_Exercise_:
Could you print every line from the first one of the records below through the line containing "Пользовательское соглашение Forex", with both included and nothing else?

_Given records_:
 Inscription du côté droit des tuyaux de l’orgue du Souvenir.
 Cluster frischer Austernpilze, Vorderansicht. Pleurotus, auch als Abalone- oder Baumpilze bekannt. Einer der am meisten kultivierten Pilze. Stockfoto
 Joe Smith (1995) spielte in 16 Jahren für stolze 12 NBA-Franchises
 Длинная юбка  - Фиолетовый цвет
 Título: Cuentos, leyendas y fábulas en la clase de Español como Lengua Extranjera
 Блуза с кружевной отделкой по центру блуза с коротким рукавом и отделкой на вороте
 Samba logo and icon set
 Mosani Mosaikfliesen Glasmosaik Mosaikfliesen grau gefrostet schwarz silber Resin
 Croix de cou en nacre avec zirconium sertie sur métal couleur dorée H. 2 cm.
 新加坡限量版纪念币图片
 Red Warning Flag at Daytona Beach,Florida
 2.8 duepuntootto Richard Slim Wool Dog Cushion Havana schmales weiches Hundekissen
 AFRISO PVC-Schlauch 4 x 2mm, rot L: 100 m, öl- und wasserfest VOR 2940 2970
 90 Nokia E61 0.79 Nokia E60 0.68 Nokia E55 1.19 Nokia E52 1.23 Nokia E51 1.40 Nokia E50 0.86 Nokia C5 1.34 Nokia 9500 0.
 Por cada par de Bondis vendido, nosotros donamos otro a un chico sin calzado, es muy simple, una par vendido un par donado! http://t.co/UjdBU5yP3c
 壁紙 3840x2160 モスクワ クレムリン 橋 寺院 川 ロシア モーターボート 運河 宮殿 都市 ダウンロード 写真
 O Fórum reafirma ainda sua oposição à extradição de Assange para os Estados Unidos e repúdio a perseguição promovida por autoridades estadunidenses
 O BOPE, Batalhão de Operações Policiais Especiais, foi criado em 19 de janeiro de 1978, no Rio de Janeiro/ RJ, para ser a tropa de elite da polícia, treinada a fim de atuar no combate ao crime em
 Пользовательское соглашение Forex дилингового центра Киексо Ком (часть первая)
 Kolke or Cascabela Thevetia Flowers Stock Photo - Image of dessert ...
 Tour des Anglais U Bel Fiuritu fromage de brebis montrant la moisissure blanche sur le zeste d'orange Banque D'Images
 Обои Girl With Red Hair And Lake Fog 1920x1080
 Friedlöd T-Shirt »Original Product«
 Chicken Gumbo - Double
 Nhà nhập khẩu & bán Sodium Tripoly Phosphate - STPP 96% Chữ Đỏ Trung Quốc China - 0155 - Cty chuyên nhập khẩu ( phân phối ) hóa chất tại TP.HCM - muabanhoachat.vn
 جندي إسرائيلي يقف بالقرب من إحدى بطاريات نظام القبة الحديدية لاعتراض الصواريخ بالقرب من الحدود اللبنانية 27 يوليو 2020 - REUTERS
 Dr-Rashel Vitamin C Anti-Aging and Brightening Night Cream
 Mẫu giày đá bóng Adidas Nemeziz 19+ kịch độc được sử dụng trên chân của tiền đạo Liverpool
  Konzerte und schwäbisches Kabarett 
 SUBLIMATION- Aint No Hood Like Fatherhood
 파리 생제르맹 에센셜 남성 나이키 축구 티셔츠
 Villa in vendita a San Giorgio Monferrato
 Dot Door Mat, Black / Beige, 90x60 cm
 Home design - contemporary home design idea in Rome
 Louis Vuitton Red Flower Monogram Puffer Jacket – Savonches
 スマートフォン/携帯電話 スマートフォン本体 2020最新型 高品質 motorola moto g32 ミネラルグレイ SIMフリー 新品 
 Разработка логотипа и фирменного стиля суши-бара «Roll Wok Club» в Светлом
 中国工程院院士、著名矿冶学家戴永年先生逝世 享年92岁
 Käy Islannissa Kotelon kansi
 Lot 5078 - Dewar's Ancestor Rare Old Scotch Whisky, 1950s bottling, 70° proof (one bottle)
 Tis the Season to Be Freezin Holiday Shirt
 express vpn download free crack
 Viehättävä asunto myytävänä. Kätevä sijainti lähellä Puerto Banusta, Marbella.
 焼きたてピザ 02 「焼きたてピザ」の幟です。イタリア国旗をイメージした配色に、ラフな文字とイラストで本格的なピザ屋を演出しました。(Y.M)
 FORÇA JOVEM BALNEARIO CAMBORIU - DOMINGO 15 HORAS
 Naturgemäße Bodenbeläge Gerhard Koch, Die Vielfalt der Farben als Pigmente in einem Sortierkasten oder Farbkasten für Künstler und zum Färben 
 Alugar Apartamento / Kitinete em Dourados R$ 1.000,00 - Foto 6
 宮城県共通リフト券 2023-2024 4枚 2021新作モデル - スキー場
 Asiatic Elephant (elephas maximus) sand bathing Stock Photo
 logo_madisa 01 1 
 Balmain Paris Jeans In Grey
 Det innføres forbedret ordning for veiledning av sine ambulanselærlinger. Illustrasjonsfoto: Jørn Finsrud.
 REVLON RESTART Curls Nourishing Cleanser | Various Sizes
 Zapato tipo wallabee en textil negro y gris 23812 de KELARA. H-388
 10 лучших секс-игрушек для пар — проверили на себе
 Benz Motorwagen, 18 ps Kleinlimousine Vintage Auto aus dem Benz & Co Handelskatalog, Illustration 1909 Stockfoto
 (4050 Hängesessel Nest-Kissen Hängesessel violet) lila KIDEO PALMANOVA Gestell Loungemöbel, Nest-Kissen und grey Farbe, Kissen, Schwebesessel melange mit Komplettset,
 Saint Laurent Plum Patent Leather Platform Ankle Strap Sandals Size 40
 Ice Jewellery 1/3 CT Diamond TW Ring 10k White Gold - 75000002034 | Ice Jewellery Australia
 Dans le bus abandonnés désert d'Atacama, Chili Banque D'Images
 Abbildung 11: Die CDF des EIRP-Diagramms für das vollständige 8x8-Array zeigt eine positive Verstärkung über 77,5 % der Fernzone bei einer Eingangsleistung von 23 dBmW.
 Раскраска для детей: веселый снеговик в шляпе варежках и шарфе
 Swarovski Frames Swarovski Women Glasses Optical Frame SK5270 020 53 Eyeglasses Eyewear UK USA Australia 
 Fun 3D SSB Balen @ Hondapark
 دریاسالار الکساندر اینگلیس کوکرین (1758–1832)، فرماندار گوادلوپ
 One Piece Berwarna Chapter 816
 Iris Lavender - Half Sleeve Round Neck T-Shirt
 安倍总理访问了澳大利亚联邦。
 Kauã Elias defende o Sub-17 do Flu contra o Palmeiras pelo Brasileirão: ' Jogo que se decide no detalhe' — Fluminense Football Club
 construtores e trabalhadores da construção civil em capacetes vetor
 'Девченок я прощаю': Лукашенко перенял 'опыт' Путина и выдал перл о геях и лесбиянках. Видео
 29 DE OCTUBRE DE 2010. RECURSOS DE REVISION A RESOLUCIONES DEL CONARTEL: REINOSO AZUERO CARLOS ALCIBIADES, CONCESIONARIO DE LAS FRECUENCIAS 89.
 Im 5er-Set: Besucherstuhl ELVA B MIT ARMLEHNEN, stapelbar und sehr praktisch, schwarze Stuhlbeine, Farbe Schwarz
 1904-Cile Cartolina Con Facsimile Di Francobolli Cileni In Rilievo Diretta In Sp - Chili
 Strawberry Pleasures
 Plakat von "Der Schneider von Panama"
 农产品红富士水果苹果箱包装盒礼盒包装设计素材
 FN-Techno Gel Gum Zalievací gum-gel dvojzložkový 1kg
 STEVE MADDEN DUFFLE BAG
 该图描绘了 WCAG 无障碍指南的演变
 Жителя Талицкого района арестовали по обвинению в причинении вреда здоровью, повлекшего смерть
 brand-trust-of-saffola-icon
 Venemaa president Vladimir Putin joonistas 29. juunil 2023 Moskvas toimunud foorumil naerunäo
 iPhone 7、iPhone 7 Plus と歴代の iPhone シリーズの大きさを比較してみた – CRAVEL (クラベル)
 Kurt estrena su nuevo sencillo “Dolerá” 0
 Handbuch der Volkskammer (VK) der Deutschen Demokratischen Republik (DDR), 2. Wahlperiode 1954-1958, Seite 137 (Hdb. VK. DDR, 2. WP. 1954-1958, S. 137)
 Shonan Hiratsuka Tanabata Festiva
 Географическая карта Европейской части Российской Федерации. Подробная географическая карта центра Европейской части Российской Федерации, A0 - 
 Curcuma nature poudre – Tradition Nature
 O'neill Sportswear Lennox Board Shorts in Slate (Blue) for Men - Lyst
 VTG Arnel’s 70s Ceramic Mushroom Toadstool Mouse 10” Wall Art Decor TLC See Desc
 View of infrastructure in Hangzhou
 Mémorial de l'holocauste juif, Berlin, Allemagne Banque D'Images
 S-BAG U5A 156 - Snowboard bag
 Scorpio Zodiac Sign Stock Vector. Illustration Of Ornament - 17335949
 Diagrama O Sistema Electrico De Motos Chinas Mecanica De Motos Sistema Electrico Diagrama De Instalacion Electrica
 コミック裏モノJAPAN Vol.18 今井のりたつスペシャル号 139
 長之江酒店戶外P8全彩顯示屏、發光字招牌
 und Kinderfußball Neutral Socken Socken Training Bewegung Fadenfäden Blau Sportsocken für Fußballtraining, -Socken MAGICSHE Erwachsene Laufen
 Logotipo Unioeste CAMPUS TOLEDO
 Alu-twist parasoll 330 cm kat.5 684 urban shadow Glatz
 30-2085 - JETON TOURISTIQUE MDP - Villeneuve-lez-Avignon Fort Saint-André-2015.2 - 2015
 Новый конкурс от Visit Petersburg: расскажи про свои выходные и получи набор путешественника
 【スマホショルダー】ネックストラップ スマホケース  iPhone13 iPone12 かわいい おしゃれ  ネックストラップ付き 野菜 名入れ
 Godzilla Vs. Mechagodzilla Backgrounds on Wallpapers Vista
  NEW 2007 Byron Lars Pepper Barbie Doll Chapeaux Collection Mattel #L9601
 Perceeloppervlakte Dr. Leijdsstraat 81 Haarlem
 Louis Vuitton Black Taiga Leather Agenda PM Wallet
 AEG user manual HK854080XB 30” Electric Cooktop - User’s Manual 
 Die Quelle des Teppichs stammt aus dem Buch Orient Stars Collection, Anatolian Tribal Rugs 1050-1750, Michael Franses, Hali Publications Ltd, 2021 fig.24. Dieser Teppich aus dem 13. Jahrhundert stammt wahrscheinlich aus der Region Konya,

_Answer box_:
 Inscription du côté droit des tuyaux de l’orgue du Souvenir.
 Cluster frischer Austernpilze, Vorderansicht. Pleurotus, auch als Abalone- oder Baumpilze bekannt. Einer der am meisten kultivierten Pilze. Stockfoto
 Joe Smith (1995) spielte in 16 Jahren für stolze 12 NBA-Franchises
 Длинная юбка  - Фиолетовый цвет
 Título: Cuentos, leyendas y fábulas en la clase de Español como Lengua Extranjera
 Блуза с кружевной отделкой по центру блуза с коротким рукавом и отделкой на вороте
 Samba logo and icon set
 Mosani Mosaikfliesen Glasmosaik Mosaikfliesen grau gefrostet schwarz silber Resin
 Croix de cou en nacre avec zirconium sertie sur métal couleur dorée H. 2 cm.
 新加坡限量版纪念币图片
 Red Warning Flag at Daytona Beach,Florida
 2.8 duepuntootto Richard Slim Wool Dog Cushion Havana schmales weiches Hundekissen
 AFRISO PVC-Schlauch 4 x 2mm, rot L: 100 m, öl- und wasserfest VOR 2940 2970
 90 Nokia E61 0.79 Nokia E60 0.68 Nokia E55 1.19 Nokia E52 1.23 Nokia E51 1.40 Nokia E50 0.86 Nokia C5 1.34 Nokia 9500 0.
 Por cada par de Bondis vendido, nosotros donamos otro a un chico sin calzado, es muy simple, una par vendido un par donado! http://t.co/UjdBU5yP3c
 壁紙 3840x2160 モスクワ クレムリン 橋 寺院 川 ロシア モーターボート 運河 宮殿 都市 ダウンロード 写真
 O Fórum reafirma ainda sua oposição à extradição de Assange para os Estados Unidos e repúdio a perseguição promovida por autoridades estadunidenses
 O BOPE, Batalhão de Operações Policiais Especiais, foi criado em 19 de janeiro de 1978, no Rio de Janeiro/ RJ, para ser a tropa de elite da polícia, treinada a fim de atuar no combate ao crime em
 Пользовательское соглашение Forex дилингового центра Киексо Ком (часть первая)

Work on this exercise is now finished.